Chocolat diferencia os gêmeos virtuais dos digitais, em que se tem apenas a representação do físico, sem inseri-lo em um mundo virtual. “O gêmeo virtual, bem explorado, te permite simular diversas possibilidades, como ele interage no mundo, quais possibilidades você tem de otimizar esse produto, o processo ou o ambiente onde ele está sendo implementado”, diz Chocolat.
O executivo cita como exemplo dois contratos fechados recentemente, mas cujos clientes ainda não pode divulgar, para demonstrar o que os gêmeos virtuais podem oferecer.
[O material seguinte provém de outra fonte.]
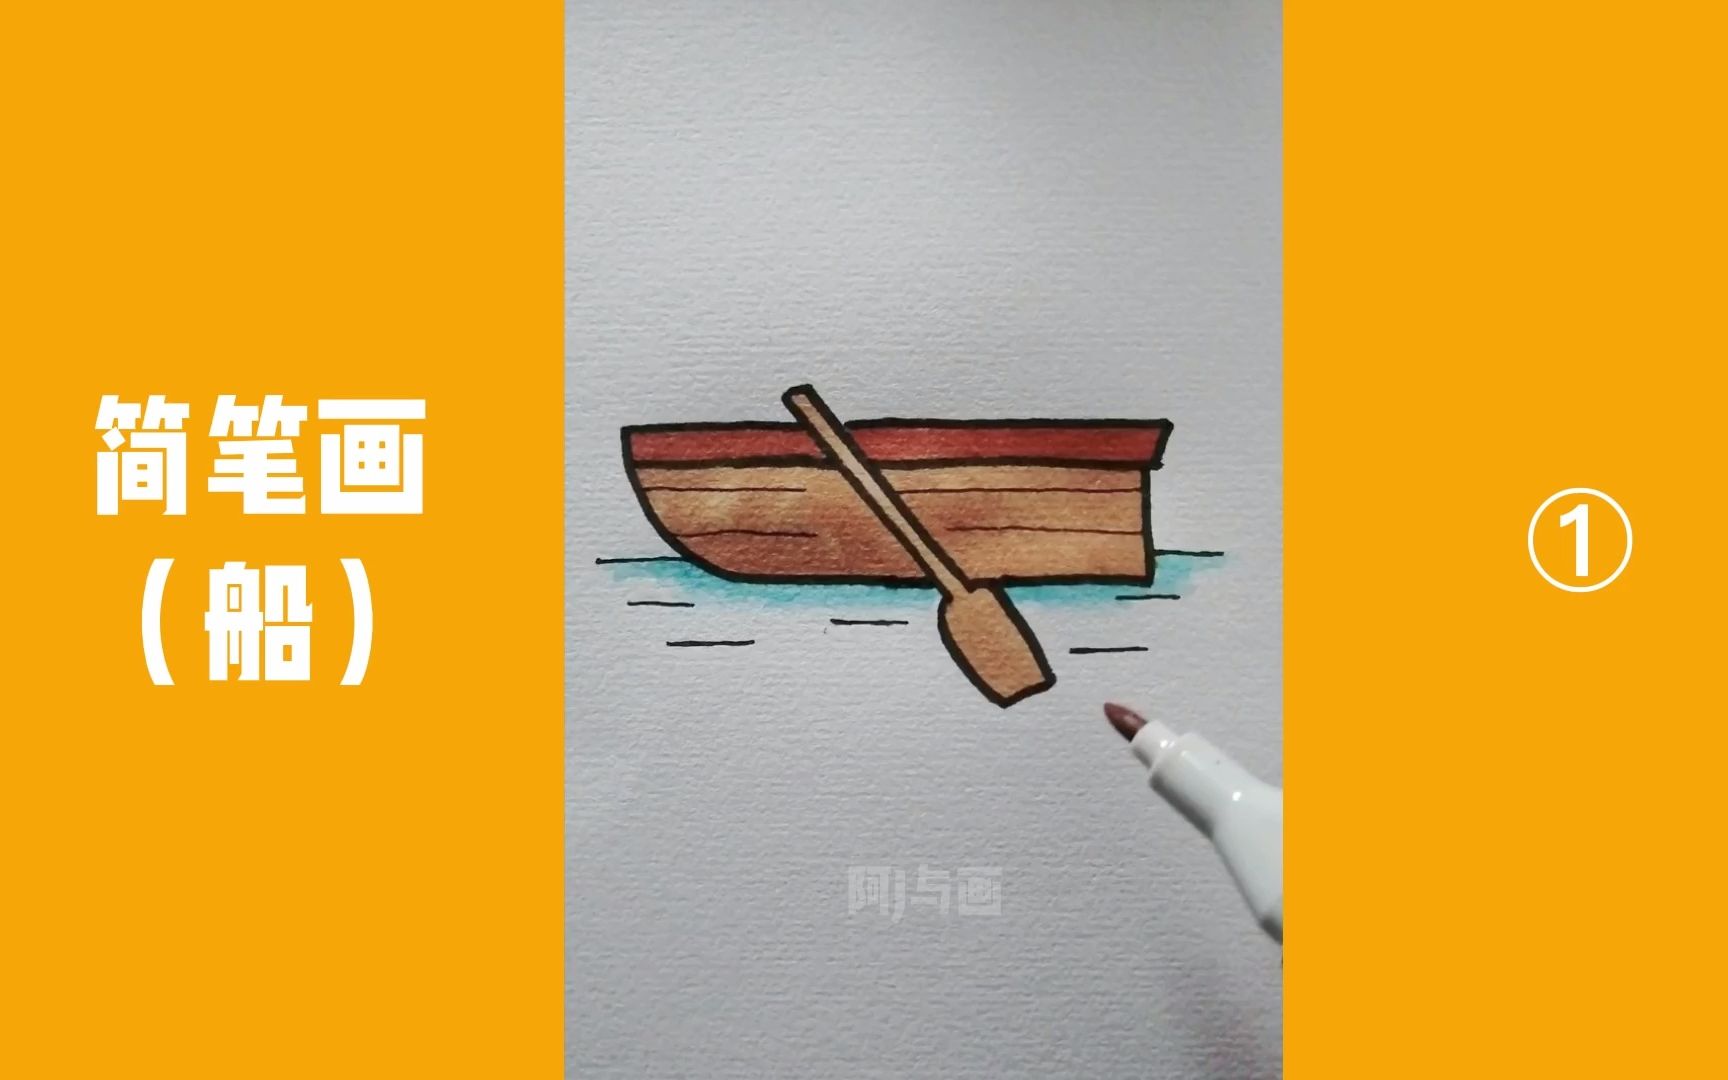 简单的小木船怎么画图片

Um deles é com uma empresa do setor de transporte ferroviário que transporta cargas do agronegócio.
“Um dos problemas que eles têm é como otimizar o staff, o tipo de maquinário para carga transportada ou por tipo de formação, as velocidades dos comboios, entre outras variáveis”, conta. “Então, você tem que poder simular virtualmente todos esses diversos cenários.”
Outro projeto é com um fabricante de equipamentos. “Eles utilizam tecnologias da Dassault Systèmes, seja para design, seja para fazer o processo de teste e simulação”.
Assim, quando o modelo está projetado, antes mesmo de leva-lo à linha de montagem é possível saber como ele vai funcionar, o centro de gravidade do equipamento, se ele não vai tombar, qual a visão do operador a partir da plataforma de comando onde ele está a cinco metros de altura e assim por diante.
“Você precisa simular tudo isso em ambientes virtuais, ao invés de produzir um equipamento para ir a testar a campo, descobrir os erros e voltar novamente para a prancheta”.
No caso de sementes, Chocolat diz que a empresa já executa projetos, no exterior, em que os clientes usam seus softwares para controlar os ciclos de desenvolvimento de tecnologia, de modo a proteger a propriedade intelectual de suas inovações.
“No beneficiamento das sementes, um dos grandes produtores mundiais utiliza as plataformas de manufatura, indústria 4.0 e supply chain da Dassault Systèmes para poder otimizar os processos e melhorar suas margens”, acrescenta.
Chocolat vê ainda potencial a ser explorado em outras áreas do agro. “Se na indústria de máquinas pesa nossa expertise na área aeronáutica, na biotecnologia somos levados por conta da nossa expertise na área farmacêutica”, afirma. “As vacinas da Pfizer e da Moderna contra a Covid-19, por exemplo, foram desenvolvidas em curto tempo e testadas virtualmente em plataformas da Dassault Systèmes”.
As tecnologias da empresa ainda não chegaram, por aqui, nas operações de campo. O AgFeed revelou, recentemente, o caso do uso de gêmeos digitais na Fazendas Reunidas Baumgart, em Goiás, mas o projeto foi desenvolvido por outra empresa.
“Eu gostaria muito”, afirma. “Meu problema, aqui na América Latina, é que a gente está tão forte em alguns setores e eles consomem tanto da nossa mão de obra, que muitas vezes o urgente fica na frente do importante”.